Interim Access map to former Finch Pruyn Adirondack lands
Interim Access map to former Finch Pruyn Adirondack lands
Credit NYS Department of Environmental Conservation

Last year New York State acquired 69-thousand acres of forest lands in the Adirondacks, and the lands must now be classified. The Adirondack Park Agency has been holding public hearings regarding the first three tracts of land and the final hearings are being held today in Albany and Queensbury. WAMC’s North Country Bureau Chief Pat Bradley looks at the debate between conservationists and residents over the potential land designations.



The Adirondack Park Agency is offering a series of alternative land use options for the nearly 21-thousand acres that include the Essex Chain Lakes, the Indian River, and OK Slip Falls tracts. The property includes 22 miles along the Hudson River. There are seven potential land use classifications from wilderness to intensive use.

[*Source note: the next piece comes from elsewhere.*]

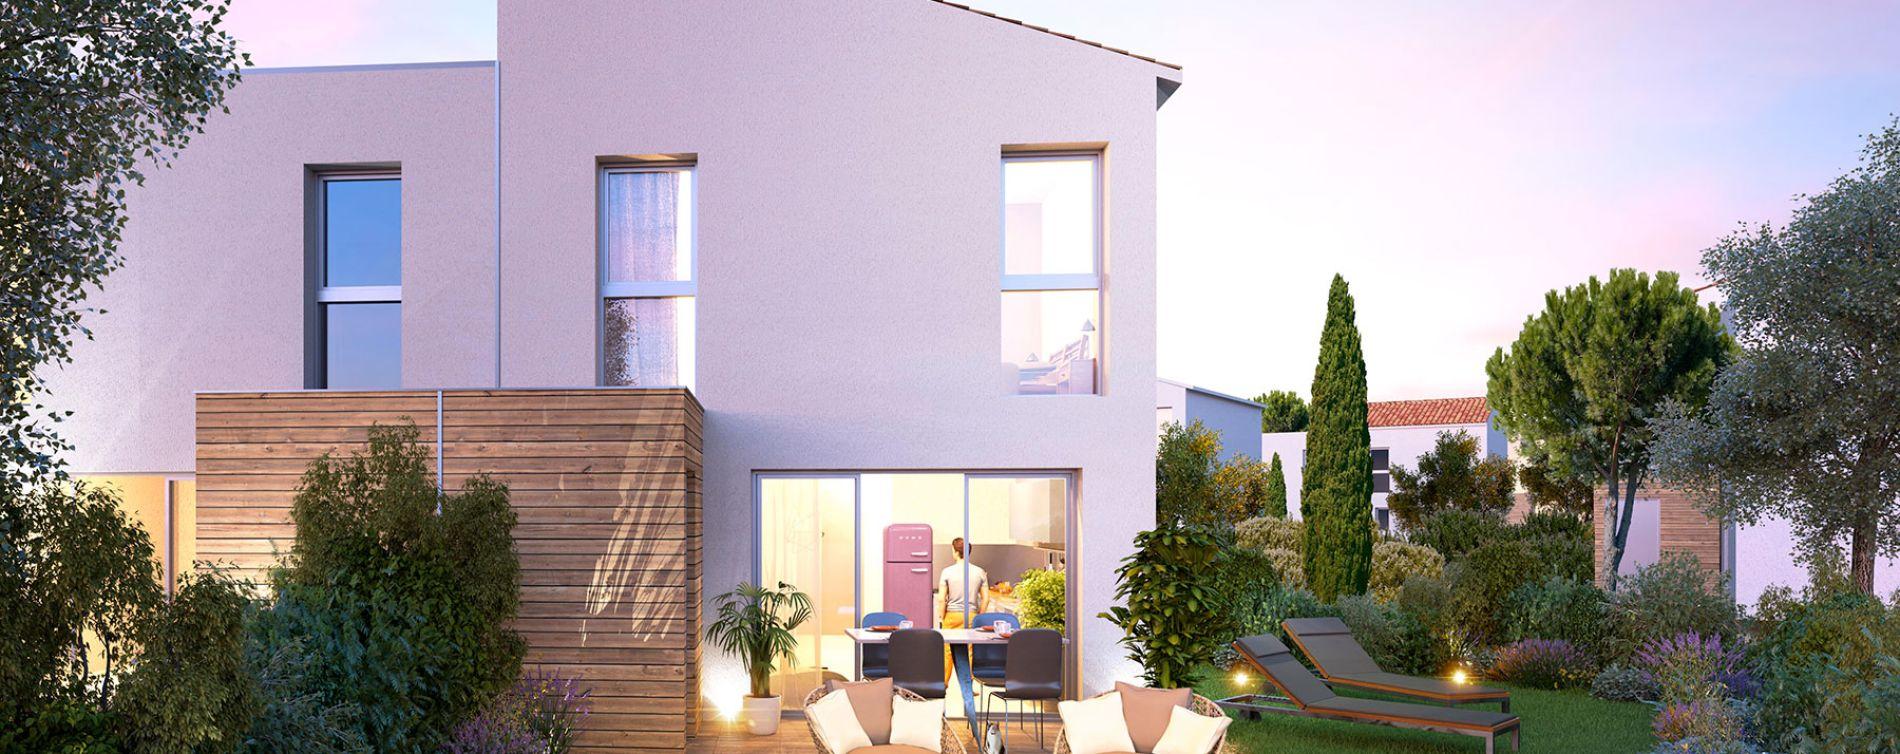 Résidence Les Jardins d'Artemis à Agde

Most Adirondack environmental and conservation groups support what’s called Alternative 1A, in which the new state lands would be classified primarily as wilderness, with some wild forest and restrict any motorized vehicle use.

Adirondack Mountain Club Executive Director Neil Woodworth calls that option a good balance of wilderness protection, access to the Hudson River and wise management of the lakes.

Adirondack Council Executive Director Willie Janeway also supports the 1A option.

Many communities within the park prefer another classification. The five towns within the tracts - Indian Lake, Long Lake, Minerva, Newcomb and North Hudson - have formed the Upper Hudson Recreation Hub. They are in support of any classification that would boost the local economy, primarily through tourism. Town Of Minerva Supervisor Democrat Sue Montgomery Corey says that would best occur with a Wild Forest classification.

Adirondack Park Local Government Review Board Executive Director Fred Monroe has hiked into the newly acquired lands and says while the Hudson River Gorge meets a wilderness criteria, the other tracts do not.

Protect the Adirondacks Executive Director Peter Bauer supports the wilderness alternative classification even though the region has been used by people.

Town of North Hudson Supervisor Republican Ron Moore says the classification must not ignore the people who are living and working in the region.

The final public hearings are being held by the Adirondack Park Agency today at the DEC Headquarters in Albany at 1 p.m. and at 7 p.m. at the Warren County Board of Supervisors Room in Lake George. Written comments can be submitted until July 19th.